Over the course of nine studio albums and a sprawling set of solo releases and side projects, Animal Collective have never repeated themselves. It means they’ve followed up the warm, hazy electronic breezes of the acclaimed Merriweather Post Pavilion with an album of cranked-up guitar effects, rollicking garage-band jams and wired-to-the-moon waywardness.

In some ways, that new album Centipede Hz is as much a product of its environment as the band’s mindset going into the barn. “It was such a small space,” remembers Noah Lennox. “I mean, we were really close; I could lean over and touch Josh on the shoulder from where I stood. I think that inspired the gnarliness and volume of the songs. We took everything to the sixth gear.”

“Taking everything to the sixth gear” is a good line to sum up Animal Collective’s instincts on this occasion because Centipede Hz is probably the most maximalist thing Animal Collective have ever put their name to.

When Dibb and Lennox talk about the process behind the album, they paint a picture where there was more, not less, in the mix.

“We knew we wanted to do something which was more performance-based, playing with each other rather than being slaves to the machine as was the case on the last album with loops and sequences,” says Dibb. “This time, we wanted a direct interaction between the musicians.

“The way we set up our individual soundstations was really complicated,” adds Lennox. “Josh had a lot of effects with his guitar and sample pad. Dave [Portner] split up his sound to have three different sound effects coming from the same instrument and signal, so one note would make three different sounds.

“Brian [Weitz] had his samples and the bass which he was working at the same time. My drums had contact microphones on each drum which became anther sound source. Even though there were only four of us playing, there was 10 different sounds being produced. From the get-go, we were going to produce a very dense sound.”

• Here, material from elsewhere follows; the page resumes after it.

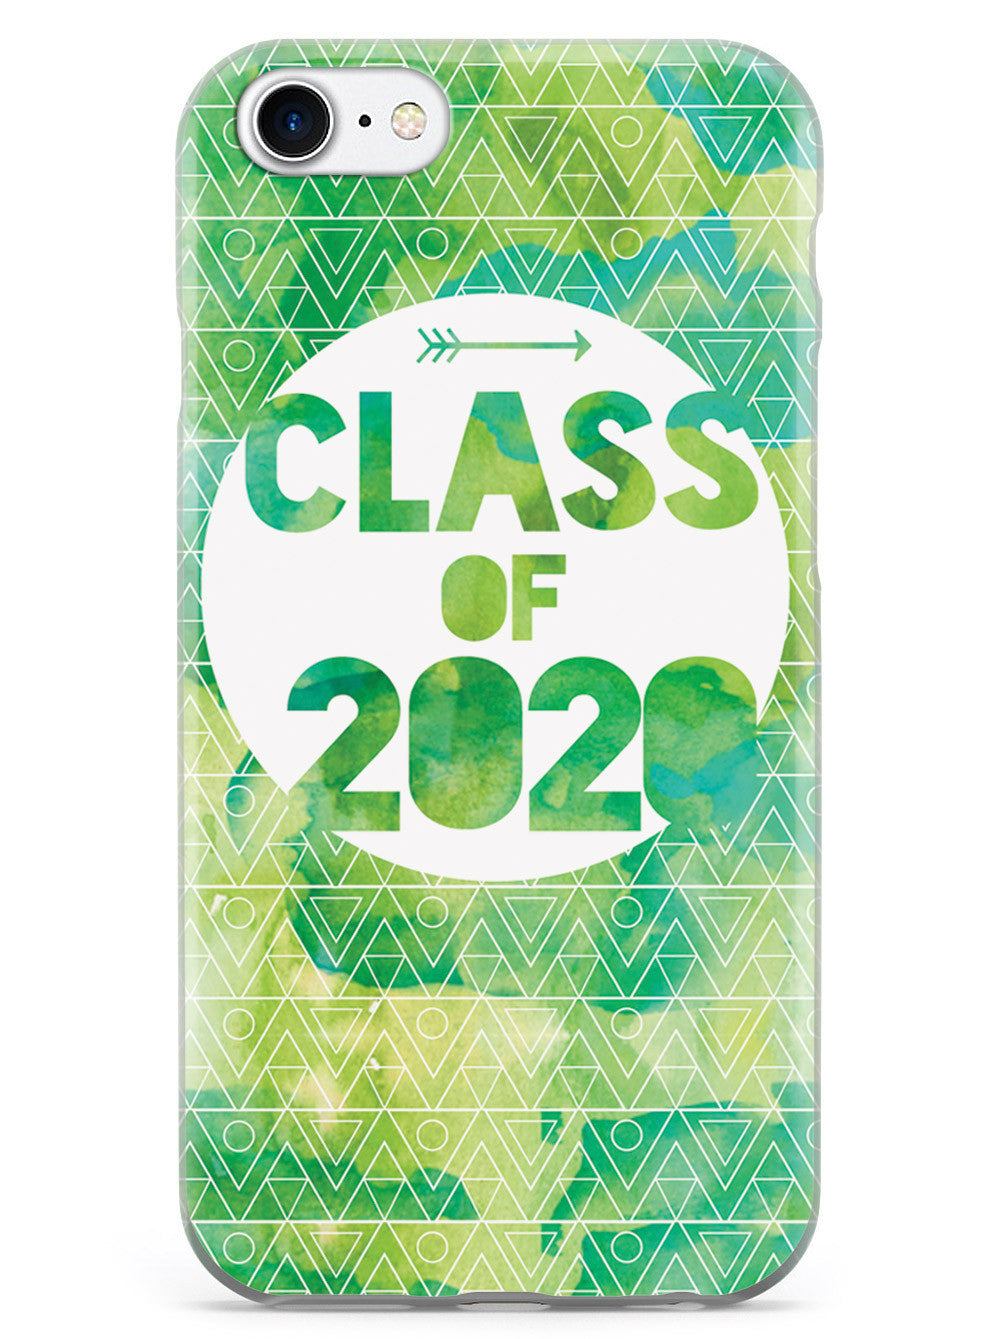 Class of 2020 - Green Watercolor Case

One noticeable aspect of the new album is the way radio noises and signals punctuate the tracks. Those sounds were partly inspired by Dave Portner’s brother, who was a DJ on a Top 40 station in Baltimore during the 1980s.

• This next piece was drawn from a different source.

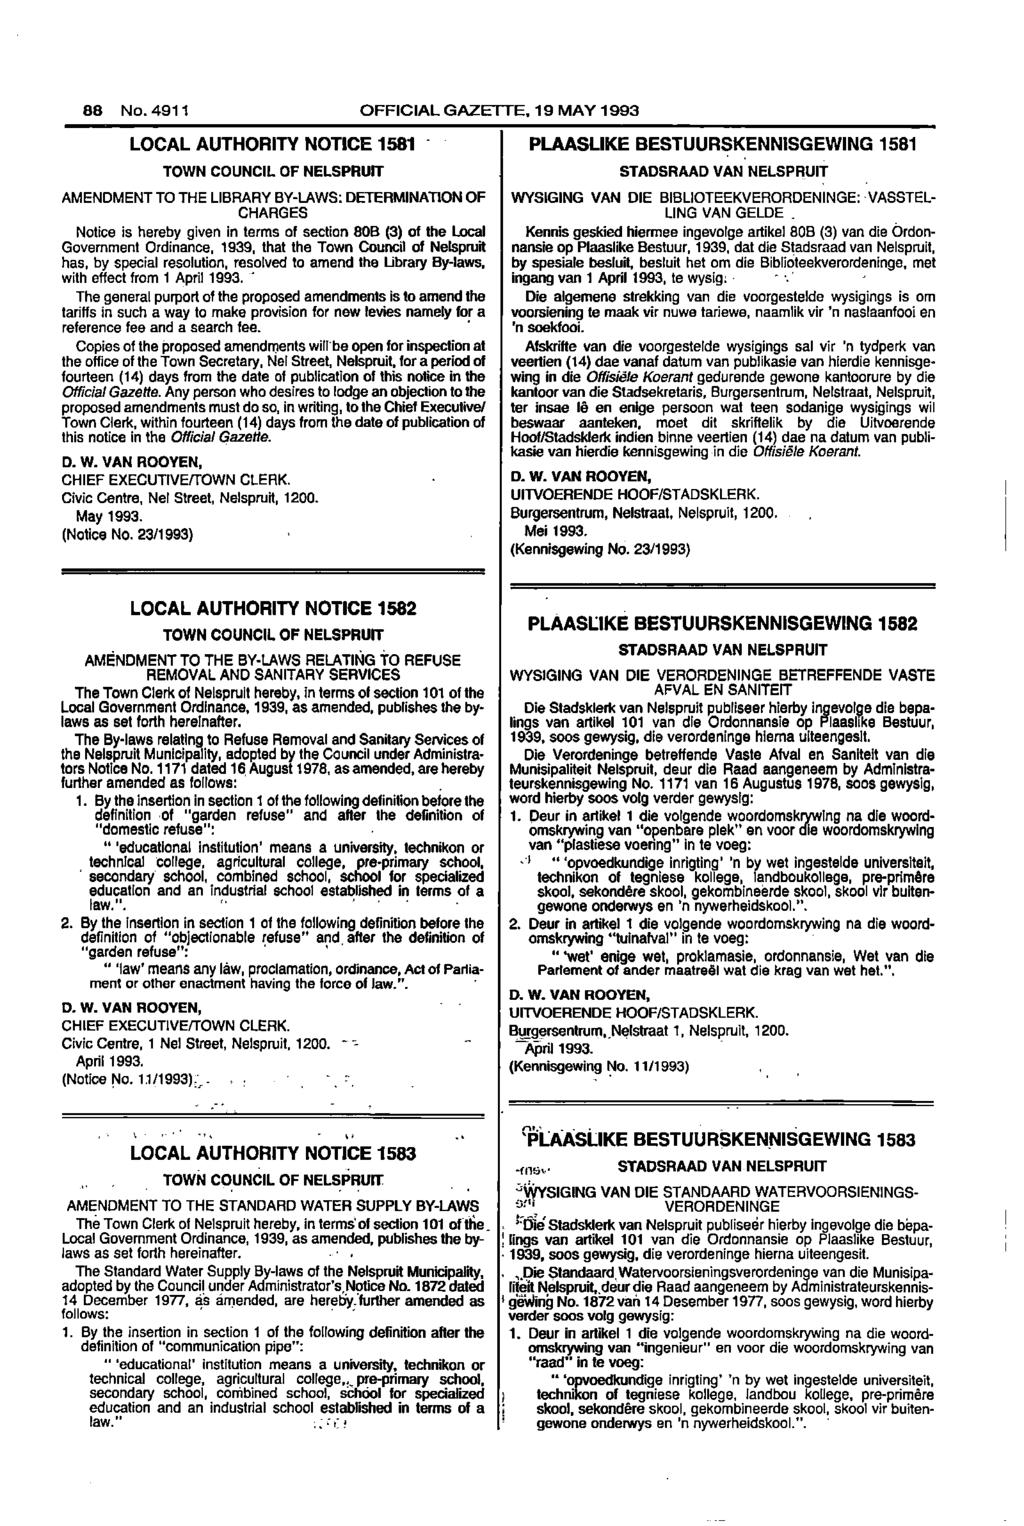 88 No 4911 OFFICIAL GAZETTE 19 MAY 1993 LOCAL AUTHORITY NOTICE 1581 PLAASLIKE BESTUURSKENNISGEWING 1581 TOWN COUNCIL OF NELSPRUIT STADSRAAD VAN NELSPRUIT AMENDMENT TO THE LIBRARY BYLAWS:

“I don’t think we were doing it in any nostalgic, reminiscent way,” says Dibb, “but we were picking up on what radio used to mean to us. In the 1980s and 1990s, there was good radio in Baltimore and it was a source of where to go to find music.”

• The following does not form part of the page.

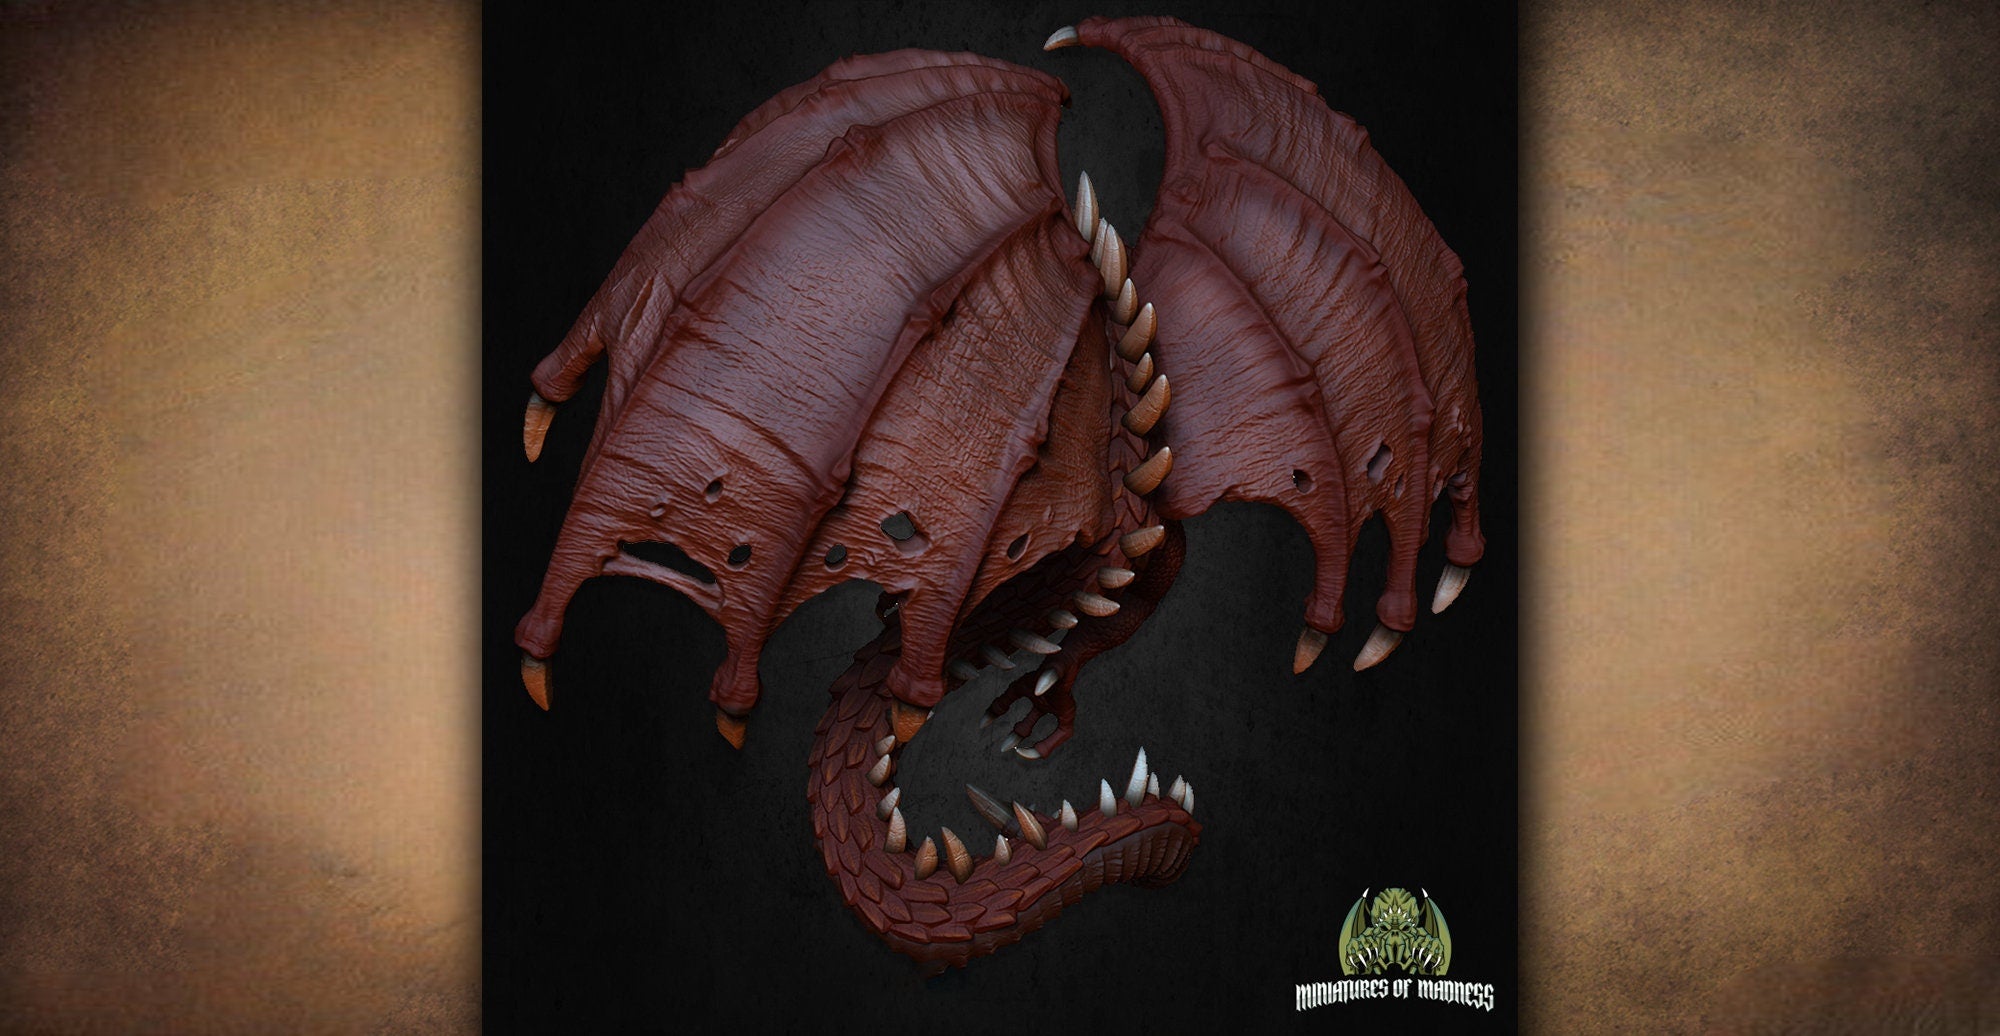 RED DRAGON "Last Words" | 12K 3D Print | Dungeons and Dragons | DnD | Pathfinder | Tabletop | Hero Size | 28-32 mm-Role Playing Miniatures

“Our connection to music always came via the radio,” adds Lennox. “We’d listen to classic rock and top-40 stations in high school.”

It’s a different matter now. “I don’t think radio as I used to know really exists any more,” says Dibb. “It’s very homogenous and all the stations more or less play the same thing and it’s very frustrating and repetitive.

“The internet killed radio because it became the place where I’d go to find music and see what was happening. Stuff like Spotify and podcasts have this potential which is really exciting and is replicating the way old DJ shows used to work when you gravitated towards someone you knew had taste.”

Lennox feels the internet has also altered the process of discovery in other ways. “The thing I feel which has been totally lost, which is a real shame, is someone shoving music in front of you which you haven’t heard and isn’t maybe your thing. You have to be forced to deal with it. That’s when radio was really awesome. You have this perception that the internet opens your eyes and mind to all this different stuff, but it’s also closing down views and opinions.”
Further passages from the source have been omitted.